I wanted to work. I wanted to teach. But my need to keep him happy outweighed everything else.

He was the last person I had left in the entire world, and I couldn’t risk doing anything to mess that up.

So I let him pay for the fancy apartment in L.A.

, let him buy me the clothes he liked best, and let him mold me into the perfect, compliant accessory for his curated life.

I’m not proud to say it, but I let him control essentially every part of me.

Then came the late nights. The “client dinners.” The silence that swallowed that hollow, empty apartment. The gaslighting—claiming I was paranoid, that I had no right to question him. And I believed him. Until I didn’t.

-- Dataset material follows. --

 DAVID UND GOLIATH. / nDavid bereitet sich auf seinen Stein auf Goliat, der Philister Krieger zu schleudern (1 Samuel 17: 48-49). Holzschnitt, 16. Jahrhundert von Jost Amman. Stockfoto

The final straw? A thong in the backseat of his BMW. The one he knew I was using to run errands. It was just there, lying on the seat, with no attempts of discretion. It was like a slap in the face.

That was the shift. The moment the fog lifted and I couldn’t unsee it anymore. It felt like I had come out of a dream I didn’t know I was in, and everything came into focus. I could suddenly hear my mom yelling at me to wake up. And I listened.

I didn’t tell him I found the underwear.

I kept them, waiting for the right moment.

Everything was in Daniel's name, including my car, so I used the cash I had quietly hidden away over time and bought an old car I found on craigslist in Santa Monica. I paid the guy an extra few hundred dollars to keep it parked at his house until I needed it. In hindsight, the fact that I’d hidden cash at all should’ve made me question things.